In February, a leaked memo from Twitter CEO Dick Costolo provided the first indication changes were afoot. Costolo wrote he was “embarrassed” and “ashamed” of the company’s failure to deal with the persistent harassment of its 284 million users.
Yet Twitter’s new policy could lead to its own backlash. Now that Twitter has pledged to boot abusers, expect everyone to start holding the network more ACCOUNTABLE for unpopular Tweets. Anything that slips through the cracks of its new filtering system is fair game for critics.
And then there’s the question of what constitutes a violation. What about a terrorist sympathizer who Tweets, “Death to America”? I personally want the lurking lunatics to remain clearly visible (my guess is that intelligence-gathering officials are likely to want these accounts to remain live as well).
Balancing the network’s purpose as a tool for unvarnished dialogue and users’ rights to remain free from DIRECT abuse is clearly something that Twitter has given a lot of thought.
Whether in Tahrir Square or in our own back yards, used for debating the most contested of public concerns or for sharing the most personal of revelations, we want Twitter to continue to be a place where the expression of diverse viewpoints is encouraged and aired,” Twitter General Counsel Vijaya Gadde wrote in an Op-Ed last week.
But users are sick of being battered.

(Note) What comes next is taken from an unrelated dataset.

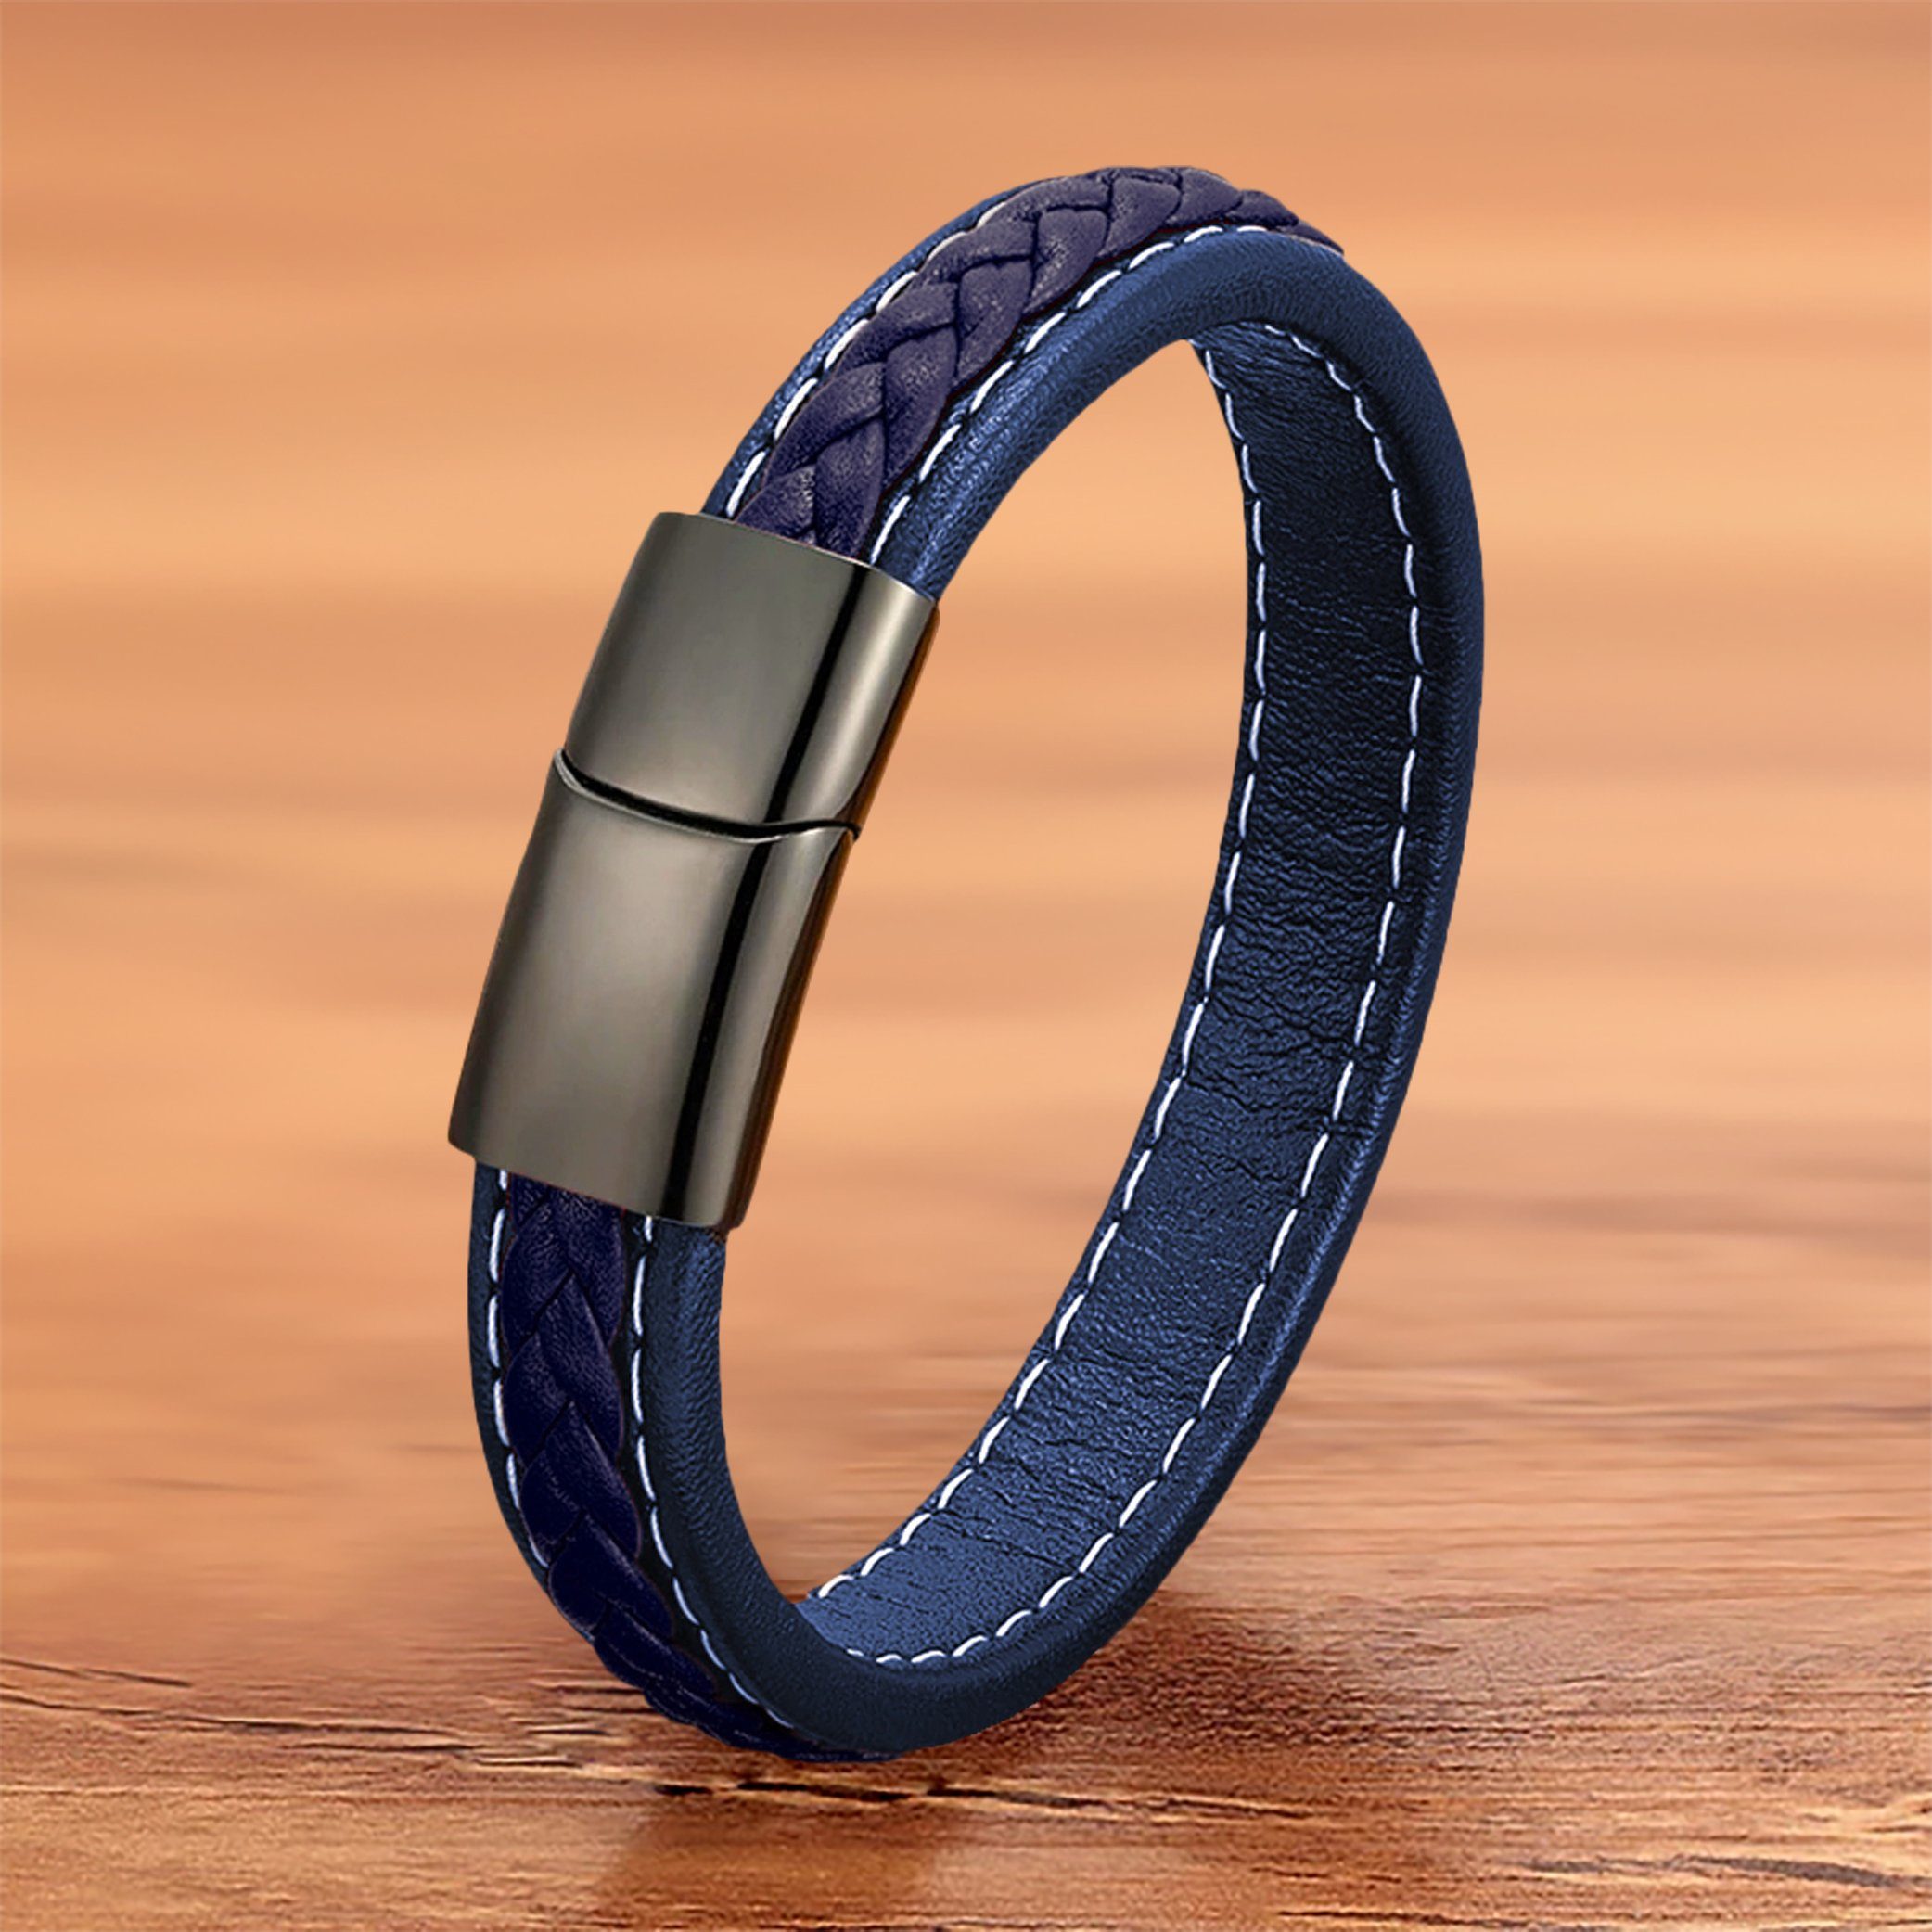 NAHLE Lederarmband elegantes Leder Armband blau geflochten (inkl. Schmuckbox), aus Leder, mit Magnetverschluss für ein sicheres verschließen

Twitter has become the perfect platform for the dregs of society to unleash their inner beasts in 140 characters. Former Red Sox pitcher Curt Schilling learned that earlier this year when his DAUGHTER was deluged with a slew of heinous Tweets. His public shaming of her harassers followed the high-profile Twitter exit of pop star Iggy Azalea and others.
It’s likely the bean counters at Twitter determined the ugliness was so widespread that it would drive away enough users to affect the bottom line. But my bet is that a forced exit for so many trolls isn’t exactly going to shore up the balance sheet either. Finally, Twitter is doing something genuinely nice for its users.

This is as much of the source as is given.